# PM out of Austin now in DFW



## RTidwell

I joined the forum a couple of weeks ago and just now getting the chance to say hi.  I am new to the Arlington area...well sort of.  I am a PM of Onion Creek 220 out of Austin.  I moved back to Arlington almost 2 years ago now after living in the  Austin area for 13 years.   I have only visited a couple of lodges in DFW.  I work in west fort worth and I am looking for an active lodge.  I would like to get back in to the esoteric work, I'm on my last year of a three year b.  

I am proud to say that I have Dyslexia and that it is because of the Freemasonry and its apendent bodies that I can cope with it. Back in the 80s when I was in elementary school the Texas school system did not recognize Dyslexia as a learning disability, I actually had a 2nd grade reading level in the 5th grade. The Texas school systems idea on how to deal with it was to ignore it and pass me on to the next grade. Just that one summer spent at the Scottish Rite Hospital brought me up to the level where I needed to be and then some.  It is because of this that I joined and give back to the fraternity when I can.


----------



## owls84

Tarrant Lodge #942 would be proud to have you Brother. We too are on the west side of Fort Worth about 5 miles inside loop 820 heading toward downtown on Jacksboro Hwy 199. If you like shoot me a PM. We are actually doing a Masters tonight.


----------



## Bro. Stewart P.M.

Welcome to the Community!


----------



## Dave in Waco

Welcome to the boards Brother!!


----------



## Bro. Brad Marrs

Welcome aboard Brother!


----------



## Michaelstedman81

RTidwell said:


> I am proud to say that I have Dyslexia and that it is because of the Freemasonry and its apendent bodies that I can cope with it. Back in the 80s when I was in elementary school the Texas school system did not recognize Dyslexia as a learning disability, I actually had a 2nd grade reading level in the 5th grade.


 

First off, welcome to the forum, Brother! Second, thank you for sharing that about yourself. It is always good to hear of someone that has overcome something like that. Esepcially with help from the Scottish Rite. Have you joined the Scottish Rite, or are you just in the Blue Lodge? If you get a chance and haven't done so yet, you ought to stop by the Dallas Scottish Rite Temple there in Dallas and take a tour. Really amazing. Tomorrow (Friday) I am moving from just North of Austin to Denton which is just North of Dallas and Fort Worth, so I really can't help you on locating an active lodge, but I am sure that you will find one. I got to visit some of the lodges around the area in the last few weeks while I was up in the area searching for a place and I met a lot of welcoming Brothers. In fact, while visiting the lodges up there I had to admit that I don't think that I have felt more welcome than those men made me feel up there.

Again, welcome to the forum and thanks for sharing!


----------



## RTidwell

Thanks for the welcome.

owls84, I wish I could have made it to the degree but I have other plans for tonight. Let me know how it goes. I have always enjoyed working the degrees. I do have to say that the SW in the FC degree is one of my favorites right along with the 2R in MM degree. My home lodge had a winding stair case with correct number of steps but sadly we never used it.

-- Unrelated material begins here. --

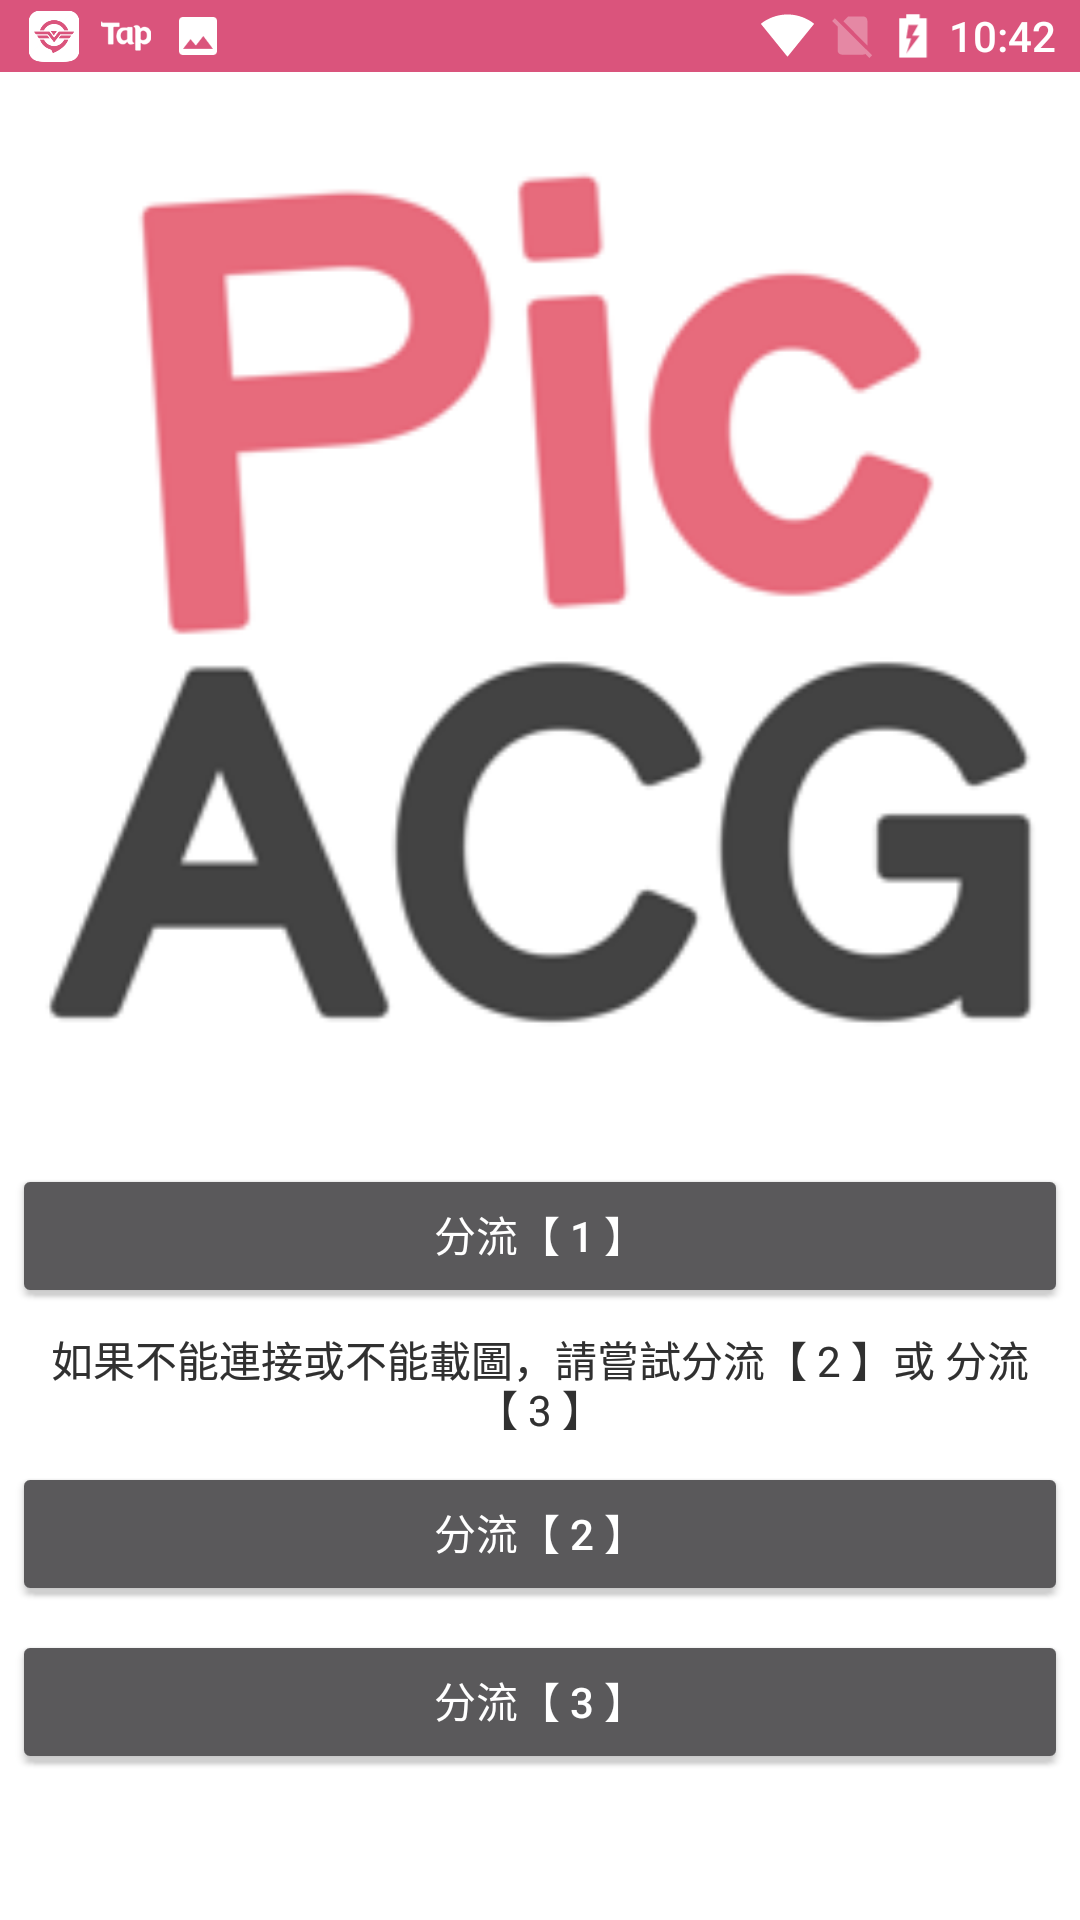 picacg 4.1.1.3版手机软件app截图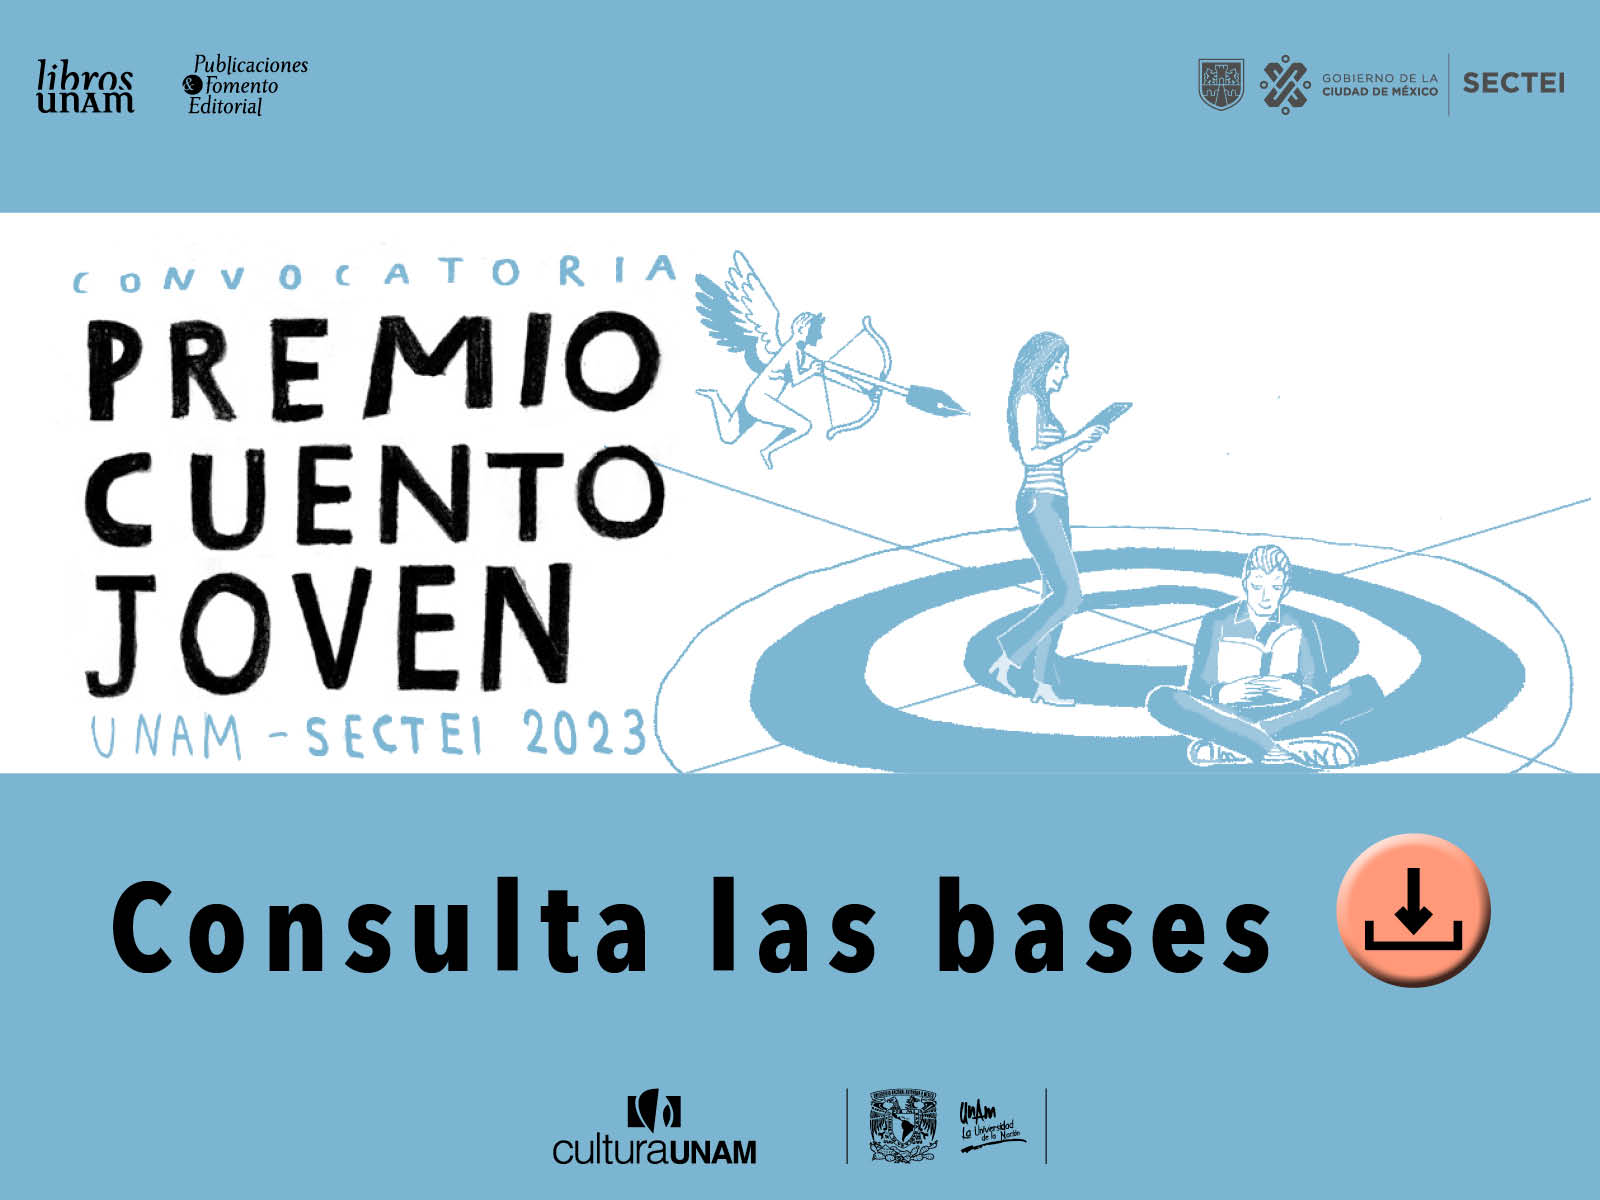 Convocatoria Premio Cuento Joven 2023 - Libros UNAM

Bro. Stedman, I am a member of the Austin Scotish Rite, Yorke Rite, Ben Hur Shrine, and the Austin FMRC chapter. I havent been to the Dallas Scottish Rite Temple yet but I would like to. I also want to head over to the one in Ft. Worth, I pass right by it on the way to and from work. What part of "just north of Austin" are you moving from? I used to live on the Travis/Wilco line in almost Round Rock.

If any of you happen to know Bro. Tom Snyder out of I think it was Corinth please let me know how he is doing.  He used hold a state office in the York Rite.  I had heard a while back that he had surgry but never found out how it went.  Sadly I have lost his number and need to get back in touch with him.


----------



## Michaelstedman81

RTidwell said:


> Bro. Stedman, I am a member of the Austin Scotish Rite, Yorke Rite, Ben Hur Shrine, and the Austin FMRC chapter. I havent been to the Dallas Scottish Rite Temple yet but I would like to. I also want to head over to the one in Ft. Worth, I pass right by it on the way to and from work. What part of "just north of Austin" are you moving from? I used to live on the Travis/Wilco line in almost Round Rock.


 

I am moving from the Burnet/Marble Falls area. My family is still out there. I was initiated out at Valley Lodge #175 there in Burnet and my father is still a MM out there. I also do want to visit the Fort Worth Scottish Rite. I didn't even know they had one out there till about a month ago when I was visiting with the Brothers at the Dallas Scottish Rite. I hope to get to check it out sometime soon.


----------



## RTidwell

I used to head out that way all the time.  I would normally stop by the blue bonnet.  Their chocolate pie tastes just like the ones my grandmother used to make.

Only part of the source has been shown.